All urinary incontinence is not the same
Tuesday 28 February 2023
Urinary incontinence is uncontrolled leaking of urine (wee).
It’s not a disease, but a symptom of many other conditions.
It can vary in severity from:
- a bit of a leak every now and then—say a few drops when you sneeze, cough, or laugh
- to suddenly needing to pee urgently and not being able to make it to the toilet in time
- to having no control of your bladder at all.
There are different types of urinary incontinence, which can have different causes and symptoms.
It can affect people of all ages, and it can obviously have quite an impact on someone’s life.
On this page
- Daytime urinary incontinence in children
- Nocturnal urinary incontinence in children (bedwetting)
- Urinary incontinence in teenagers
- Urge or overactive bladder urinary incontinence
- Stress urinary incontinence
- Urinary retention
- Functional urinary incontinence
- Post-micturition urinary incontinence
- Getting help
- Management and treatment options
- More information
Daytime urinary incontinence in children
Most kids can control their bladders through the day by the age of four (bar the odd accident). If they continue to daytime wet regularly after this age, you should talk to your doctor, as the bladder may not be working normally.
Nocturnal urinary incontinence in children (bedwetting)
Bedwetting is the involuntary (outside of their control) passing of urine that occurs during the night while the child is sleeping. It’s important to know that it is not caused by the child or the child’s behaviour – they have no control over it. It can happen for a range of reasons:
- they don’t wake up when their bladder is full
- the bladder is overactive during sleep
- the kidneys make more urine than the bladder can hold during sleep
- an illness.
It can have powerful social and emotional effects on the child.

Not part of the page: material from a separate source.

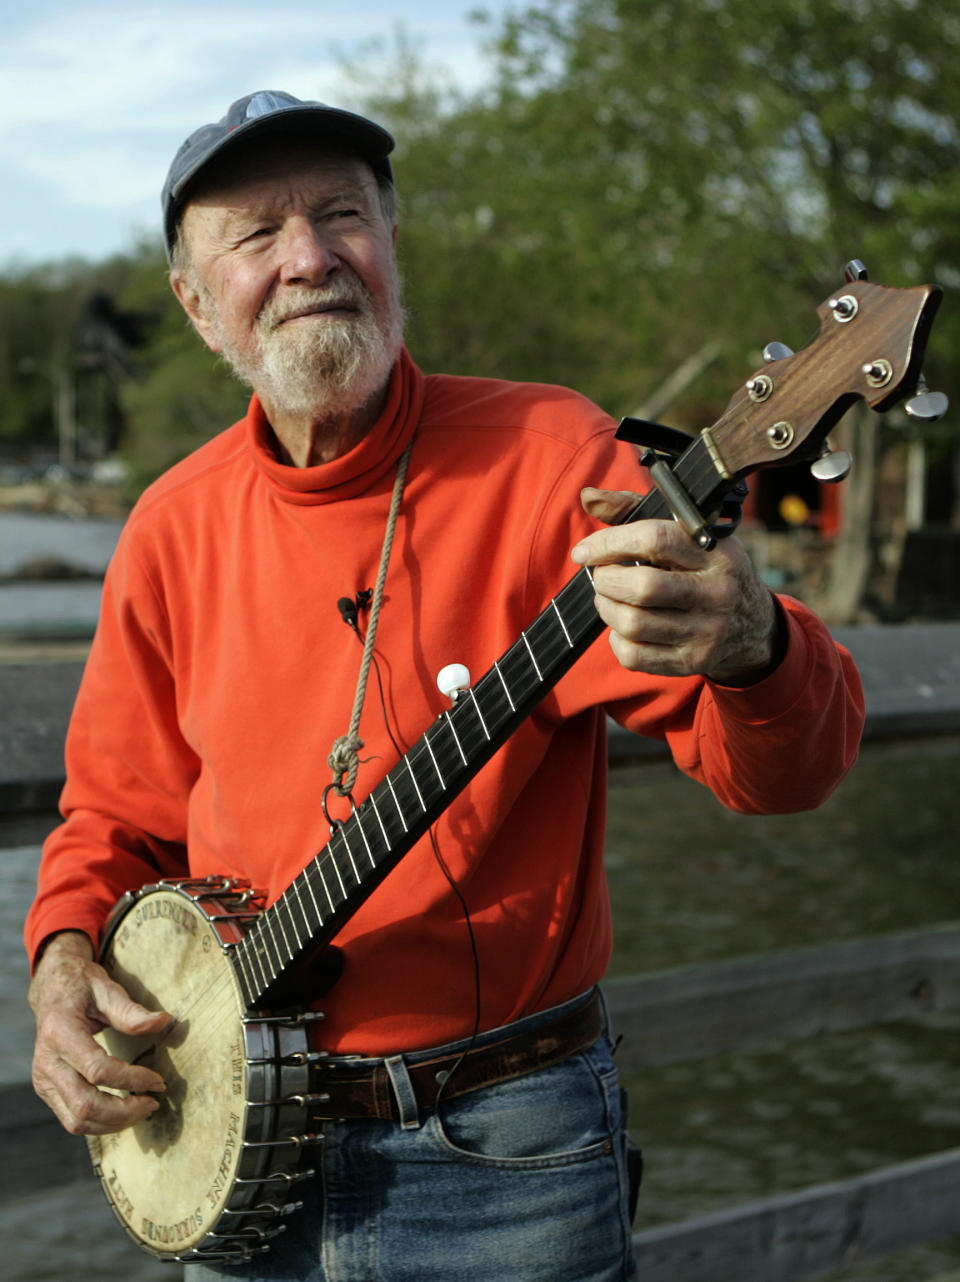 FILE - In this May 5, 2006 file photo, folk singer Pete Seeger plays his banjo in Beacon, N.Y. As what would have been his 95th birthday approaches, some wonder what would be a fitting tribute to the life of the singer/activist who was known for shunning personal accolades. (AP Photo/Frank Franklin II, File)

Kids develop at different rates, but most children will be dry through the night by seven or eight (school age). If your child is frequently wet after school age, or if they are upset about it and want it to stop, see your doctor. See your doctor if your child suddenly starts wetting the bed after they’ve been consistently dry. Incontinence can be linked to some illnesses.
Urinary incontinence in teenagers
Urinary incontinence tends to happen less as children get older, but some teens and young adults are affected by it. Talk to your doctor if your teenager is suffering from urinary incontinence.
Urge or overactive bladder urinary incontinence
This occurs when the bladder muscles contract outside of a person’s control. This causes a strong, sudden need to wee—hence the name. It’s also sometimes called urgency or overactive bladder incontinence. It happens when your brain tells your bladder to empty itself, even when it’s not full.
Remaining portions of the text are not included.